The current law of 199618 in various of its provisions, states that author, as the individual having created a work-of authorship,19 is owner of the copyright rights in said work.20 Article 26 of the 1996 indeed states that the author is the ‘original’ holder of patrimonial rights, and his heirs or assignees, shall be regarded ‘derivative’ owners.
The 1996 statute establishes as well that the holder of patrimonial rights is entitled to make assignments of said rights or grant licenses on an exclusive or non-exclusive basis.21 It also states that transmissions22 are onerous23 and temporary, have to be made in writing24 and the corresponding agreement recorded with the Copyright Office.25
One important point is that regarded in article 33 of the 1996 law, in which it is stated that:
Article 33. In the absence of express provisions, any transfer of patrimonial rights is considered to have a term of 5 years. Terms over 15 years may be agreed upon only when the nature of the work or the magnitude of the investment required justify it.26
From the above, it can be obtained that the law of 1996 became more restrictive than its predecessors. Different sectors of industry have strongly complained to that. Some of them have even filed constitutional actions, which are pending still, and which are aimed at destroying the validity of said provision. However, for the time being companies doing business in Mexico, need to ponder the limitation imposed by the law and seek the proper counseling so that the assignment agreements that they enter into with authors and copyright holders reflect in an adequate form, a balance between the rights of both parties in said agreements.
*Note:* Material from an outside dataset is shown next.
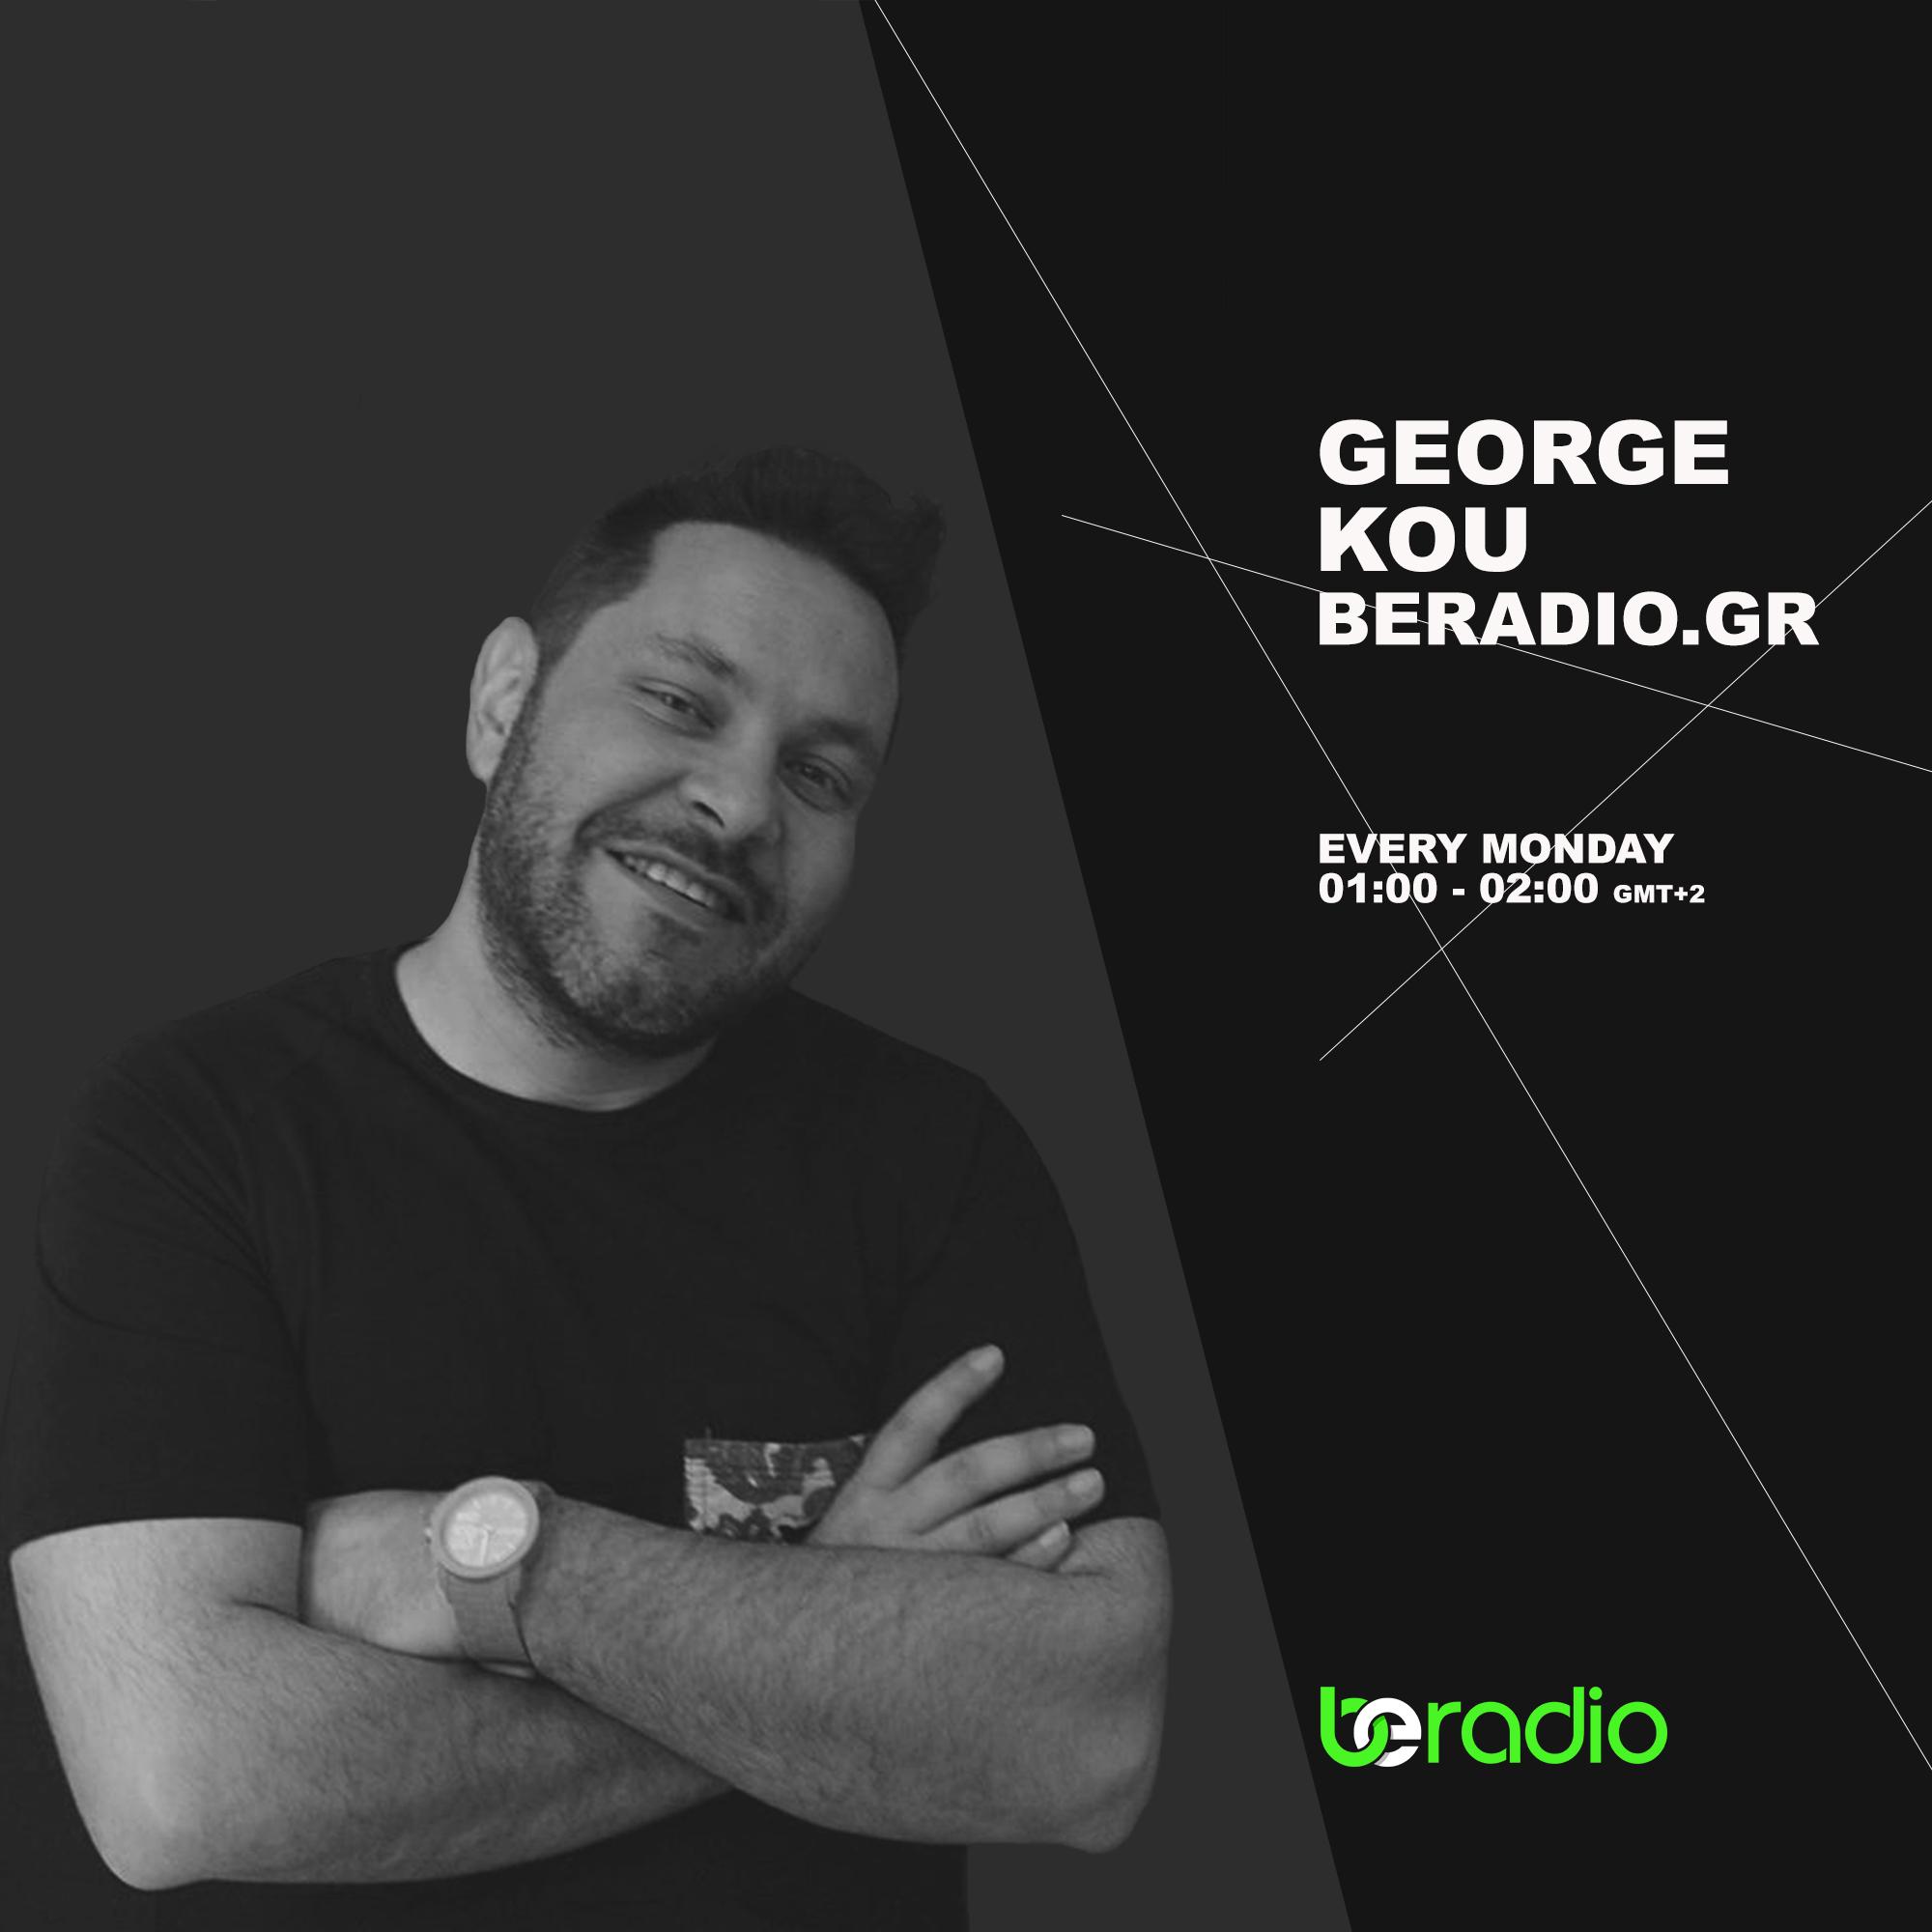 GEORGE KOU

The concept of work-for-hire was for the first time introduced into Mexican Copyright Law with the implementation of the law of 1956. Legally speaking, work-for-hire became an exception to the traditional view of the author as the ‘original’ owner of patrimonial rights. In keeping with this, whoever commissions the creation of a work or a part thereof to an author, under employment or as freelance, and makes a retribution to the author for his contribution, can be regarded as the ‘original’ owner of the rights.27 The meaning of this is that commissioner or employer become the owner of rights ab initio and without the need of a transfer. On the other hand, the author or ‘intellectual creator’ (in Spanish ‘creador intelectual’ or ‘colaborador remunerado’), as the law and doctrine refers to the individual contributing to the creation of the work”, is not entitled to any patrimonial rights, and shall keep the moral right of paternity29. As to the moral right of integrity, the newer statute of 1996 made clear that the author would not have control over the modifications of the work, which implicitly would represent that he surrenders his right ‘to oppose’ to modifications made by the person or entity having commissioned the work30. The foregoing does not mean that the moral right in itself would have been transferred to this latter party or that it may have the right to own it. If that happened, the 1996 law would have attempted against one of the most sacred principles of the Mexican author’s right system, which is that moral rights are not subject to transfer or assignment as they are personal rights.
In conclusion, those commissioning works are not authors or cannot be called authors. Again, they will be ‘original’ owners of copyrights of patrimonial nature exclusively, this due to a fiction imposed by the law and limited to work-for-hire situations.
Likewise, in a work-for-hire relationship, corporations and other parties commissioning works will not be called assignees and will not be owners of ‘secondary’ rights.